There are additional inequities that should concern all residents of unincorporated Greenburgh. The town assessor confirmed that a disproportionate share of the Town’s tax-exempt properties—such as religious institutions, public facilities, and other nonprofits—is concentrated in unincorporated Greenburgh. These properties are exempt from paying taxes, yet they still rely on municipal services funded by the rest of us. We are carrying this load—without any compensatory relief. To make matters worse, certain neighborhoods within unincorporated Greenburgh have never received meaningful remediation for chronic flood zones, rendering some homes effectively unsellable. These properties lose market value, yet continue to be taxed as if the flood risk doesn’t exist. And I won’t even get into school taxes—except to say that they increase every year, with no accountability. Thanks to the perennial decisions of the Board of Education, our tax burden continues to climb, even as the chronically under-performing Greenburgh Central School District further drags down property values. In short, we pay more and get less—less equity, less transparency, and less return on our community investment.

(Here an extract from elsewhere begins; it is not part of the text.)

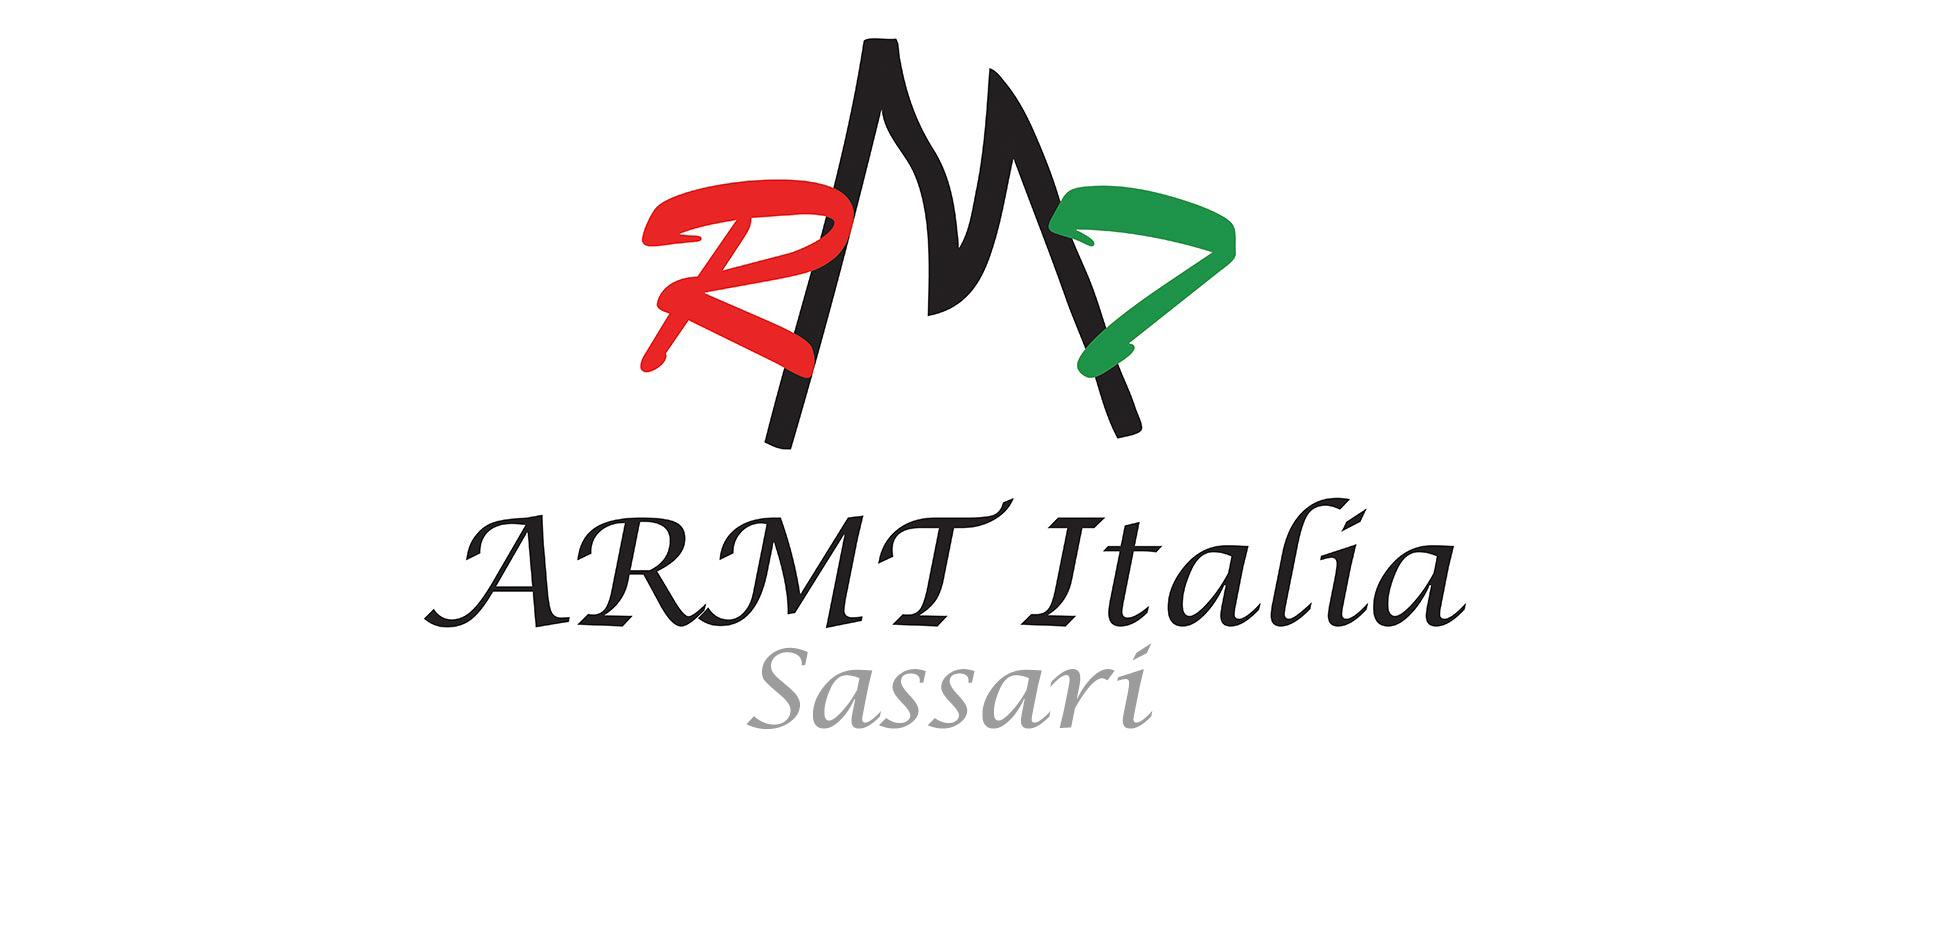 ARMT Italia (Sassari)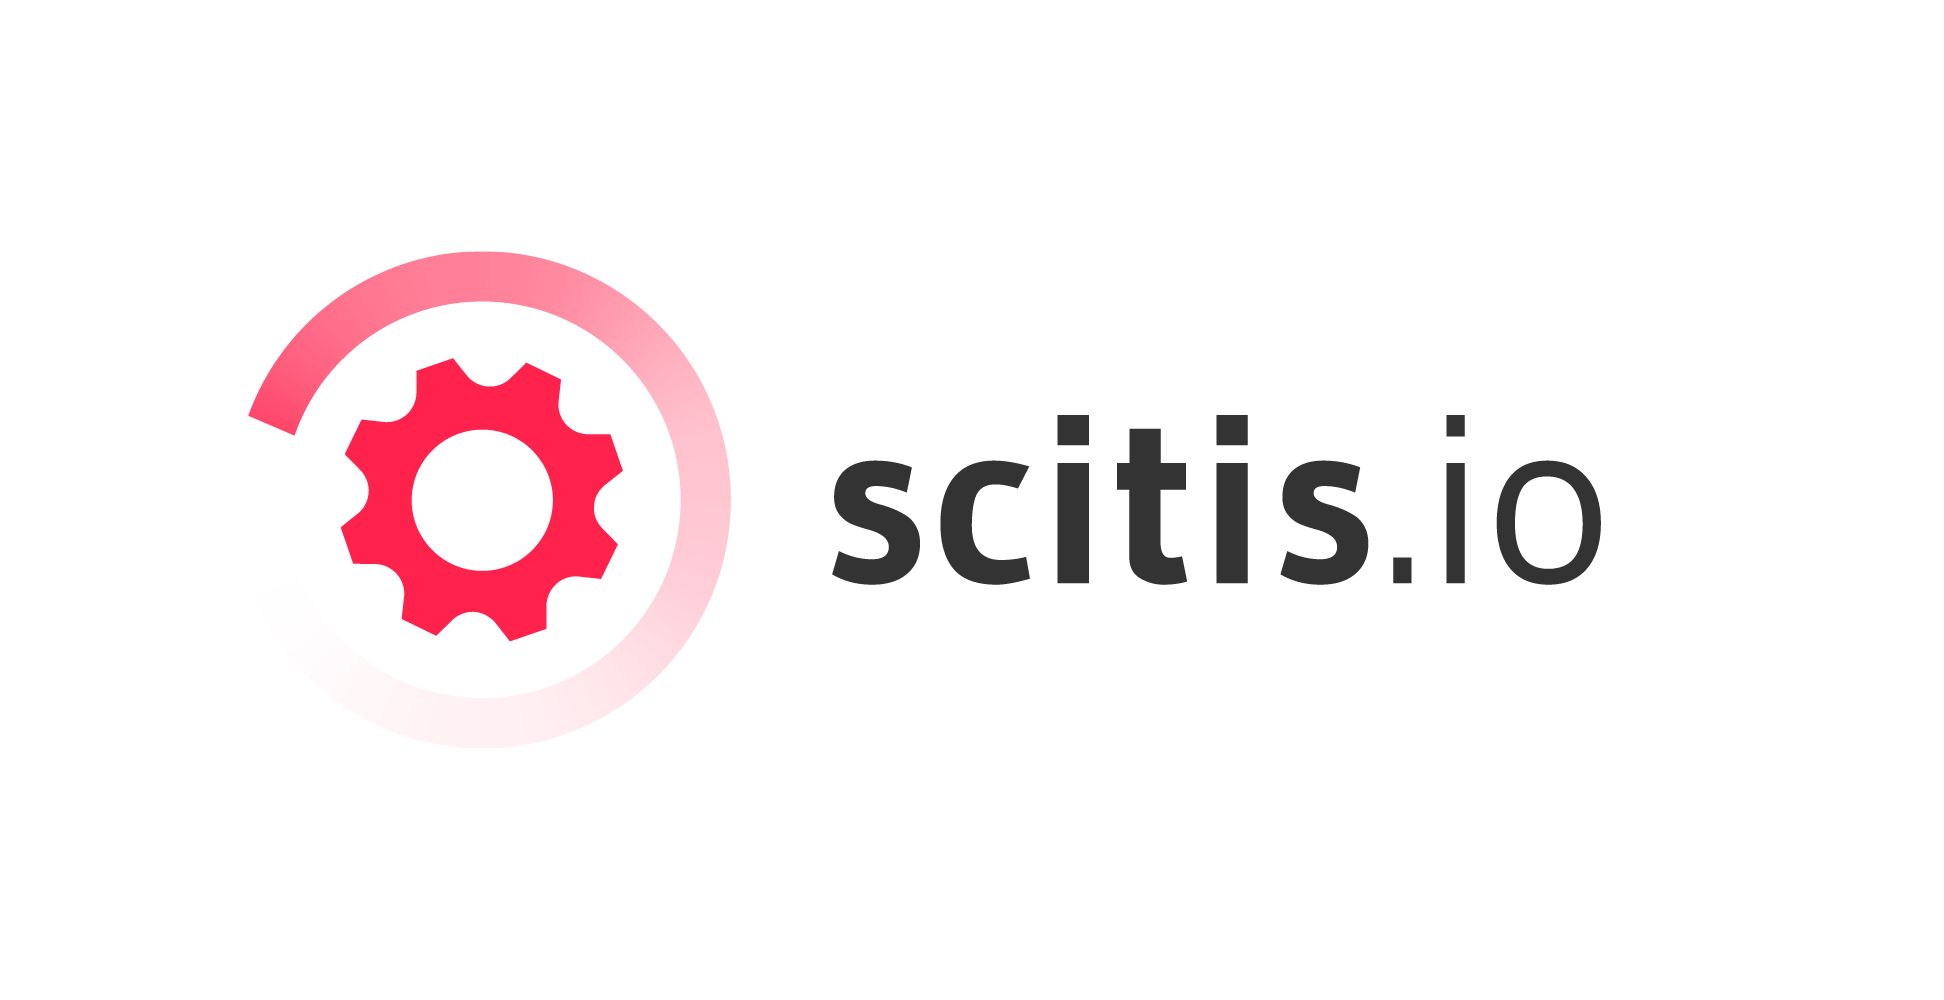 scitis.io GmbH

There is a larger sociological problem here. The town’s tax system, as it currently functions, is killing the host. Longtime residents are not selling their homes. They are not realizing the supposed gains in value that rising assessments assume. But they are being taxed on those paper gains just the same. Seniors and working families alike are being squeezed by a process that is inconsistent, and largely immune to scrutiny. Official inflation for 2025 is around 3%, but the U.S. dollar has also weakened by 10% against foreign currencies, raising the price of imported goods. Meanwhile, local wages are mostly flat, while housing costs—prices, taxes and mortgage rates—climb.

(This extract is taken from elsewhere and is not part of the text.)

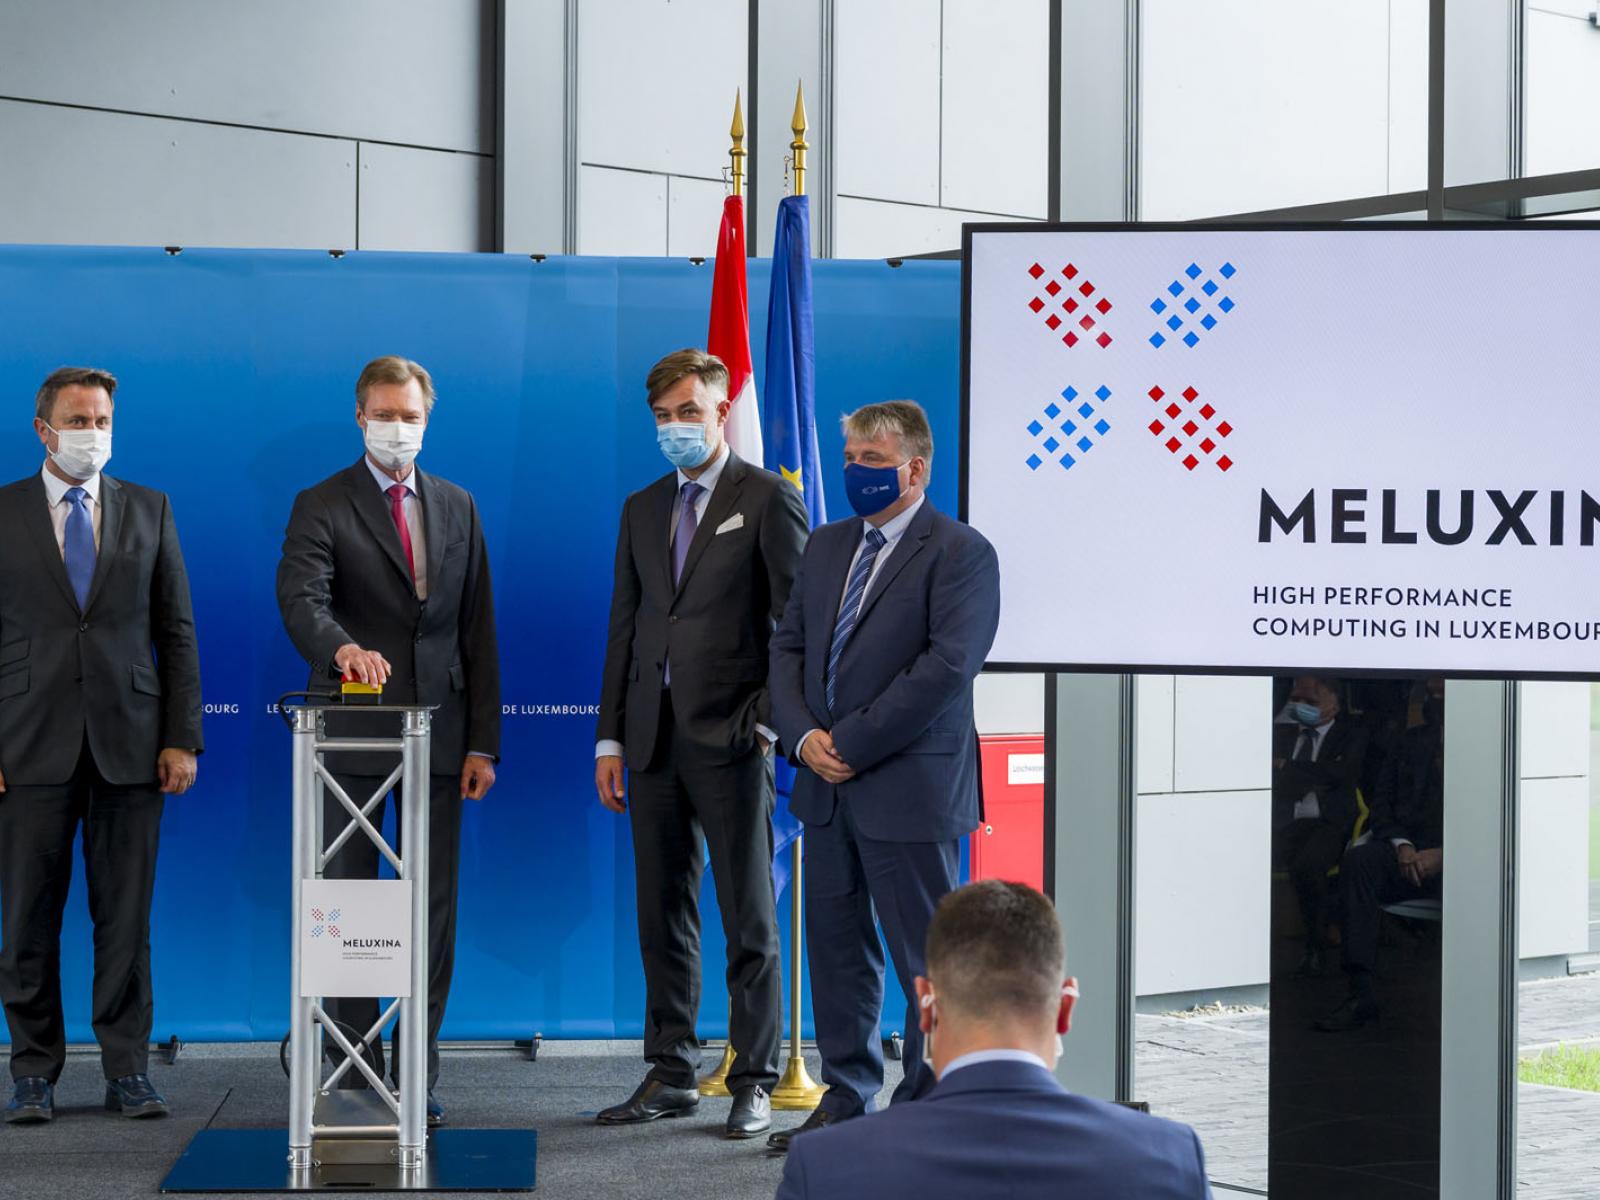 Le Grand-Duc inaugure officiellement le superordinateur MeluXina

And all of this is happening under the watch of a single assessor who has been in office for 37 years and a town supervisor who is once again running unopposed. There is no check on this system. No rotation of oversight. Just a bureaucratic machine that lumbers on, adjusting its numbers by ear and squeezing ever more from residents—residents who are left with no choice but to comply or leave. It is time to demand more. Not just transparency, but reform. Not just models, but fairness. Not just polite meetings with twelve attendees—but real civic engagement.